A large amount of software maintenance effort is spent on program comprehension. How to accurately and quickly get the functional features in a program becomes a hot issue in program comprehension. Some studies in this area are focused on extracting the topics by analyzing linguistic information in the source code based on the textual mining techniques. However, the extracted topics are usually composed of some standalone words and difficult to understand. In this paper, we attempt to solve this problem based on a novel program summarization technique. First, we propose to use latent semantic indexing and clustering to group source artifacts with similar vocabulary to analyze the composition of each package in the program. Then, some topics composed of a vector of independent words can be extracted based on latent semantic indexing. Finally, we employ Minipar, a nature language parser, to help generate the summaries. The summaries can effectively organize the words from the topics in the form of the predefined sentence based on some rules. With such form of summaries, developers can understand what the features the program has and their corresponding source artifacts.
通过程序摘要来支持程序理解
大量的软件维护工作花费在程序理解上。
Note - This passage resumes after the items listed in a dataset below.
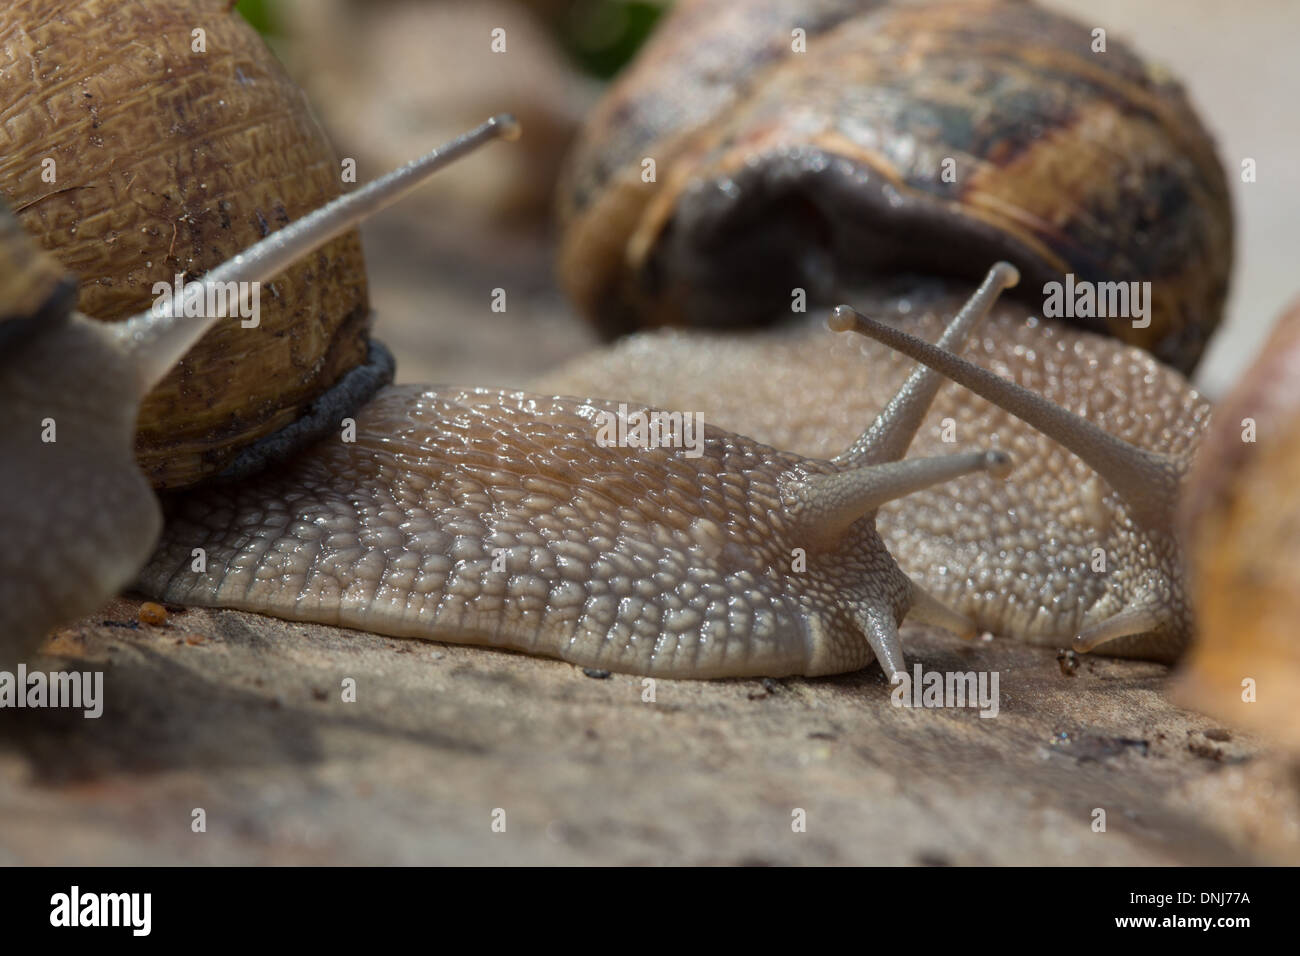 Escargots GROS GRIS (Helix aspersa maxima), L'ESCARGOTIERE ferme aux escargots, Chaumont, ORNE (61), FRANCE Banque D'Images
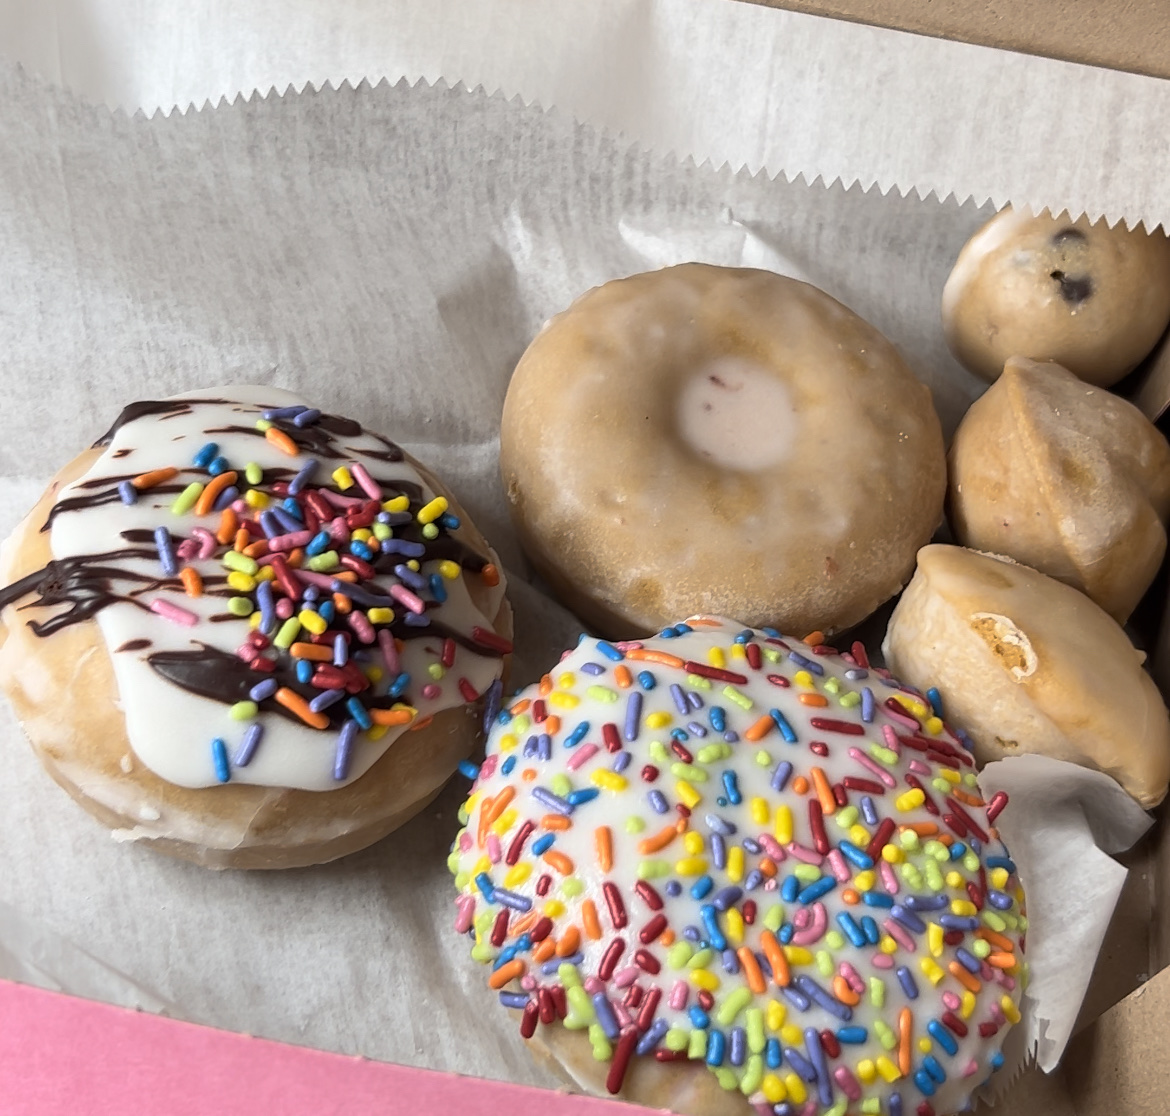 Donuts and munchkins variety!
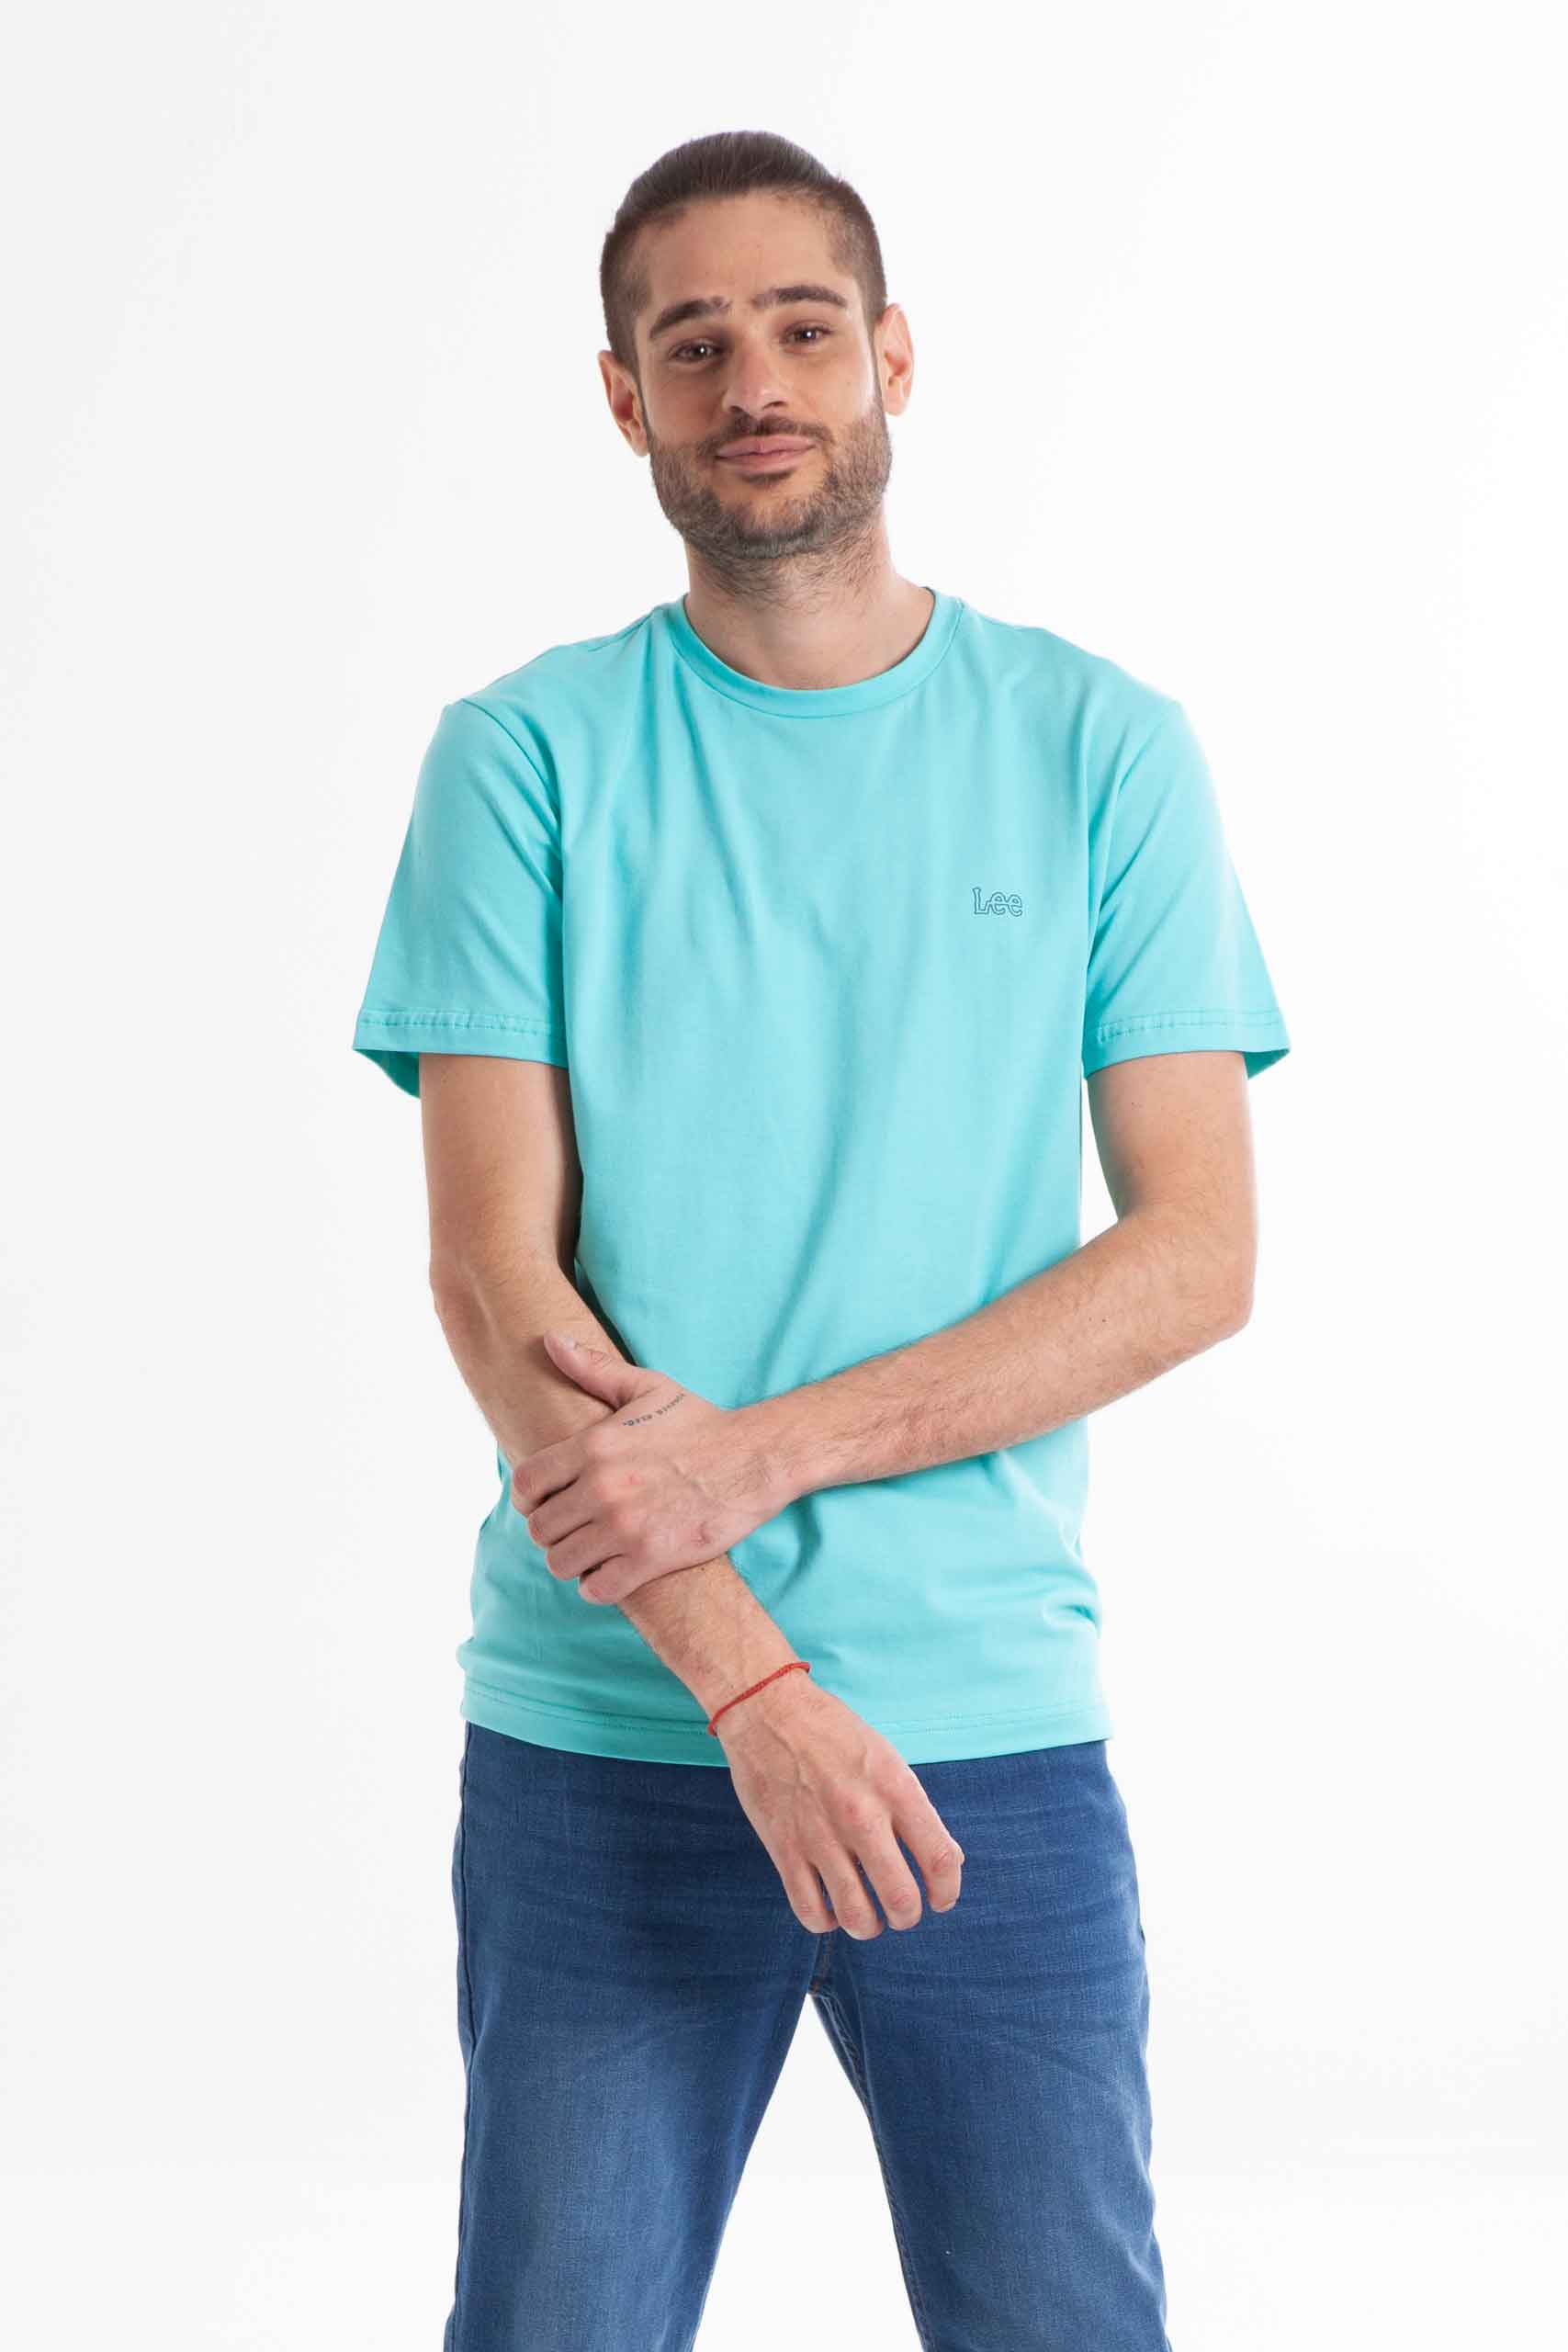 Vista frontal de camiseta de color turquesa con logo de la marca lee

如何准确、快速地获取程序的功能特征,成为程序理解中的一个热点问题。这方面的一些研究主要是基于文本挖掘技术,通过分析源代码中的语言信息来提取主题。然而,提取的主题通常由一些独立的单词组成,难以理解。在本文中,我们尝试基于一种新颖的程序总结技术来解决这个问题。首先,我们提出使用潜在语义索引和聚类对具有相似词汇的源工件进行分组,以分析程序中每个包的组成。然后,基于潜在语义索引提取由独立词向量组成的主题。最后,我们使用自然语言解析器Minipar来帮助生成摘要。摘要可以根据一定的规则,有效地将主题中的单词组织成预定义句子的形式。有了这种形式的摘要,开发人员就可以了解程序具有哪些特性以及它们相应的源工件。
本文章由计算机程序翻译,如有差异,请以英文原文为准。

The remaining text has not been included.